The in-situ pushover test differs from the shake-table test because it is performed outdoors and thus its size is not restricted by space, which allows us to test a full-size building. However, to build a new full-size building for the test is not economical, consequently scholars around the world usually make scale structures or full-scale component units to be tested in the laboratory. However, if in-situ pushover tests can be performed on full-size structures, then the seismic behaviors of buildings during earthquakes can be grasped. In view of this, this study conducts two in-situ pushover tests of reinforced concrete (RC) buildings. One is a masonry-infilled RC building with openings (the openings ratio of masonry infill wall is between 24% and 51%) and the other is an RC building without masonry infill.
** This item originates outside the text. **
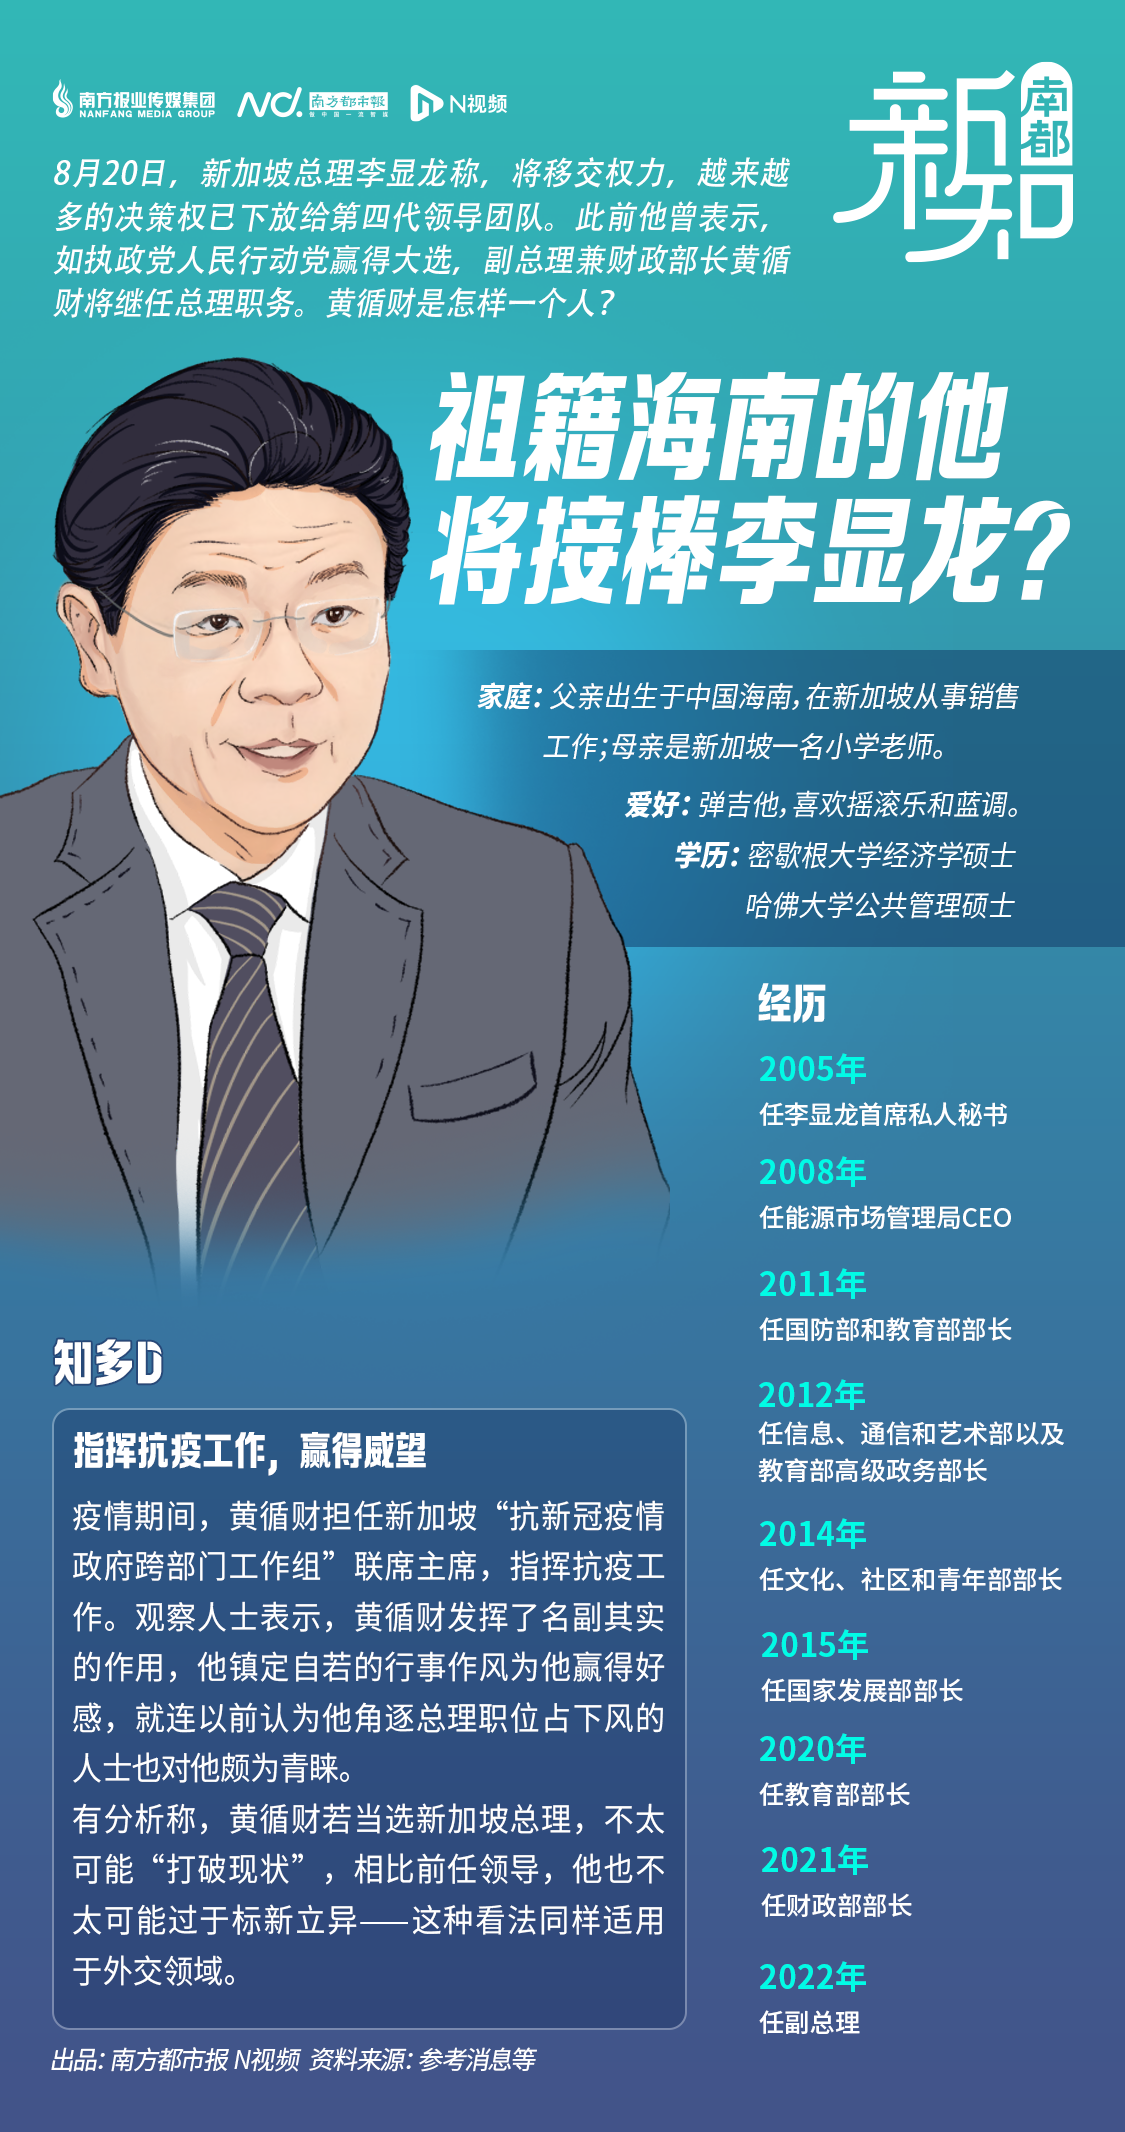 祖籍中国海南的他将接棒李显龙任新加坡总理？为何是他？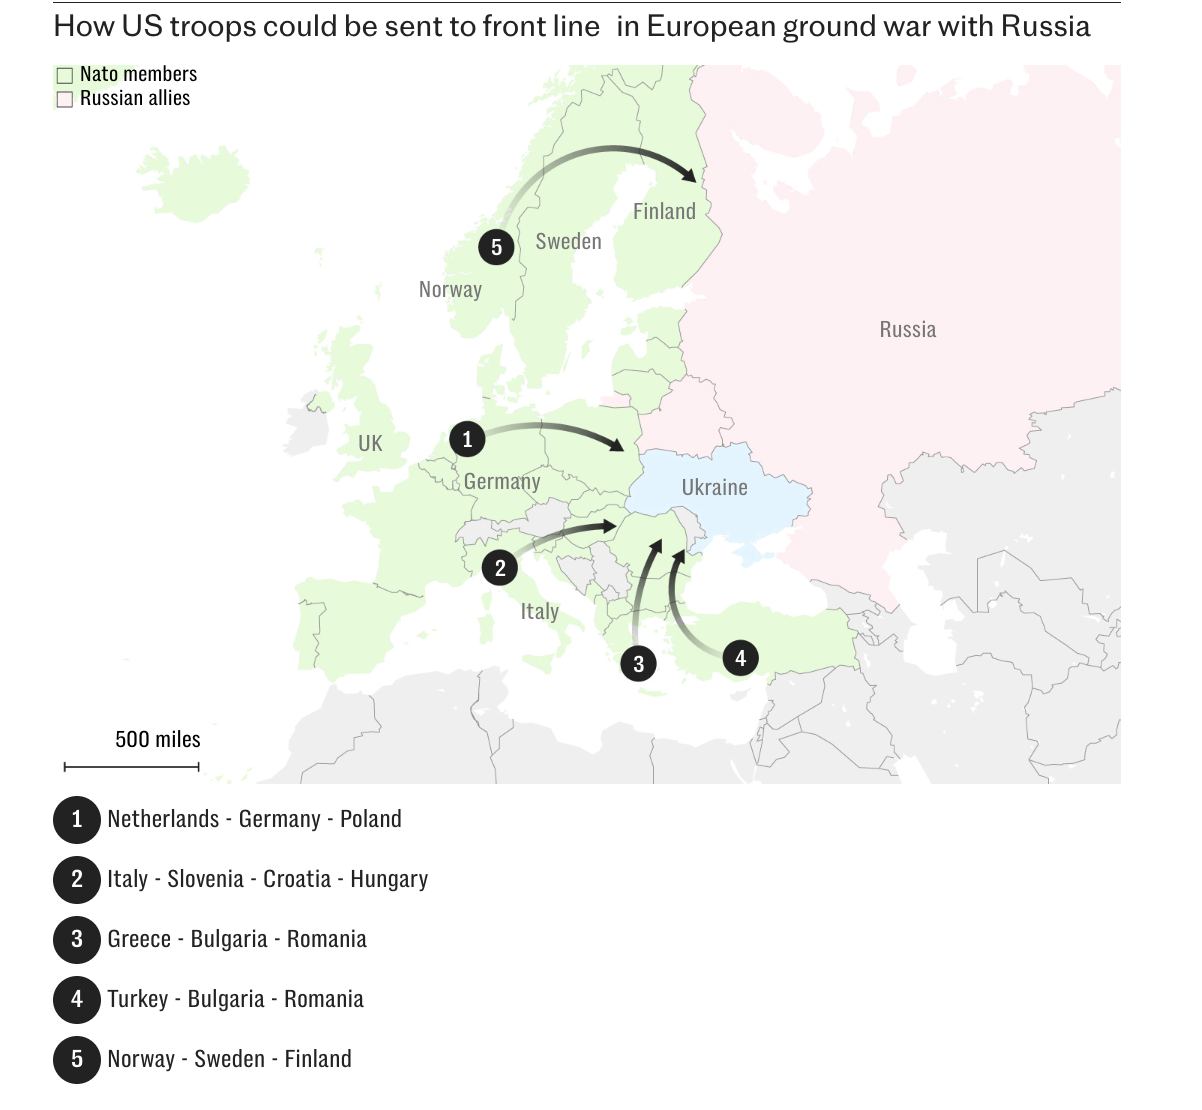 НАТО готовит план переброски войск к границе на случай войны с Россией

These two in-situ pushover tests adopt obsolescent RC buildings, which will be demolished, to conduct experiment and successfully obtain seismic capacity curves of the buildings. The test results are available for the development or verification of a seismic evaluation model. This paper uses ASCE 41-17 as the main evaluation model and is accompanied by a simplified pushover analysis, which can predict the seismic capacity curves of low-rise buildings in Taiwan. The predicted maximum base shear values for masonry-infilled RC buildings with openings and for RC buildings without masonry infill are, respectively, 69.69% and 87.33% of the test values. The predicted initial stiffness values are 41.04% and 100.49% of the test values, respectively. It can be seen that the ASCE 41-17 evaluation model is reasonable for the RC building without masonry infill walls. In contrast, the analysis result for the masonry infilled RC building with openings is more conservative than the test value because the ASCE 41-17 evaluation model is limited to masonry infill walls with an openings ratio not exceeding 40%. This study suggests using ASCE 41-17's unreinforced masonry wall evaluation model to simulate a masonry infill wall with an openings ratio greater than 40%. After correction, the predicted maximum base shear values of the masonry infilled RC building with openings is 82.60% of the test values and the predicted initial stiffness value is 67.13% of the test value. Therefore, the proposed method in this study can predict the seismic behavior of a masonry infilled RC frame with large openings.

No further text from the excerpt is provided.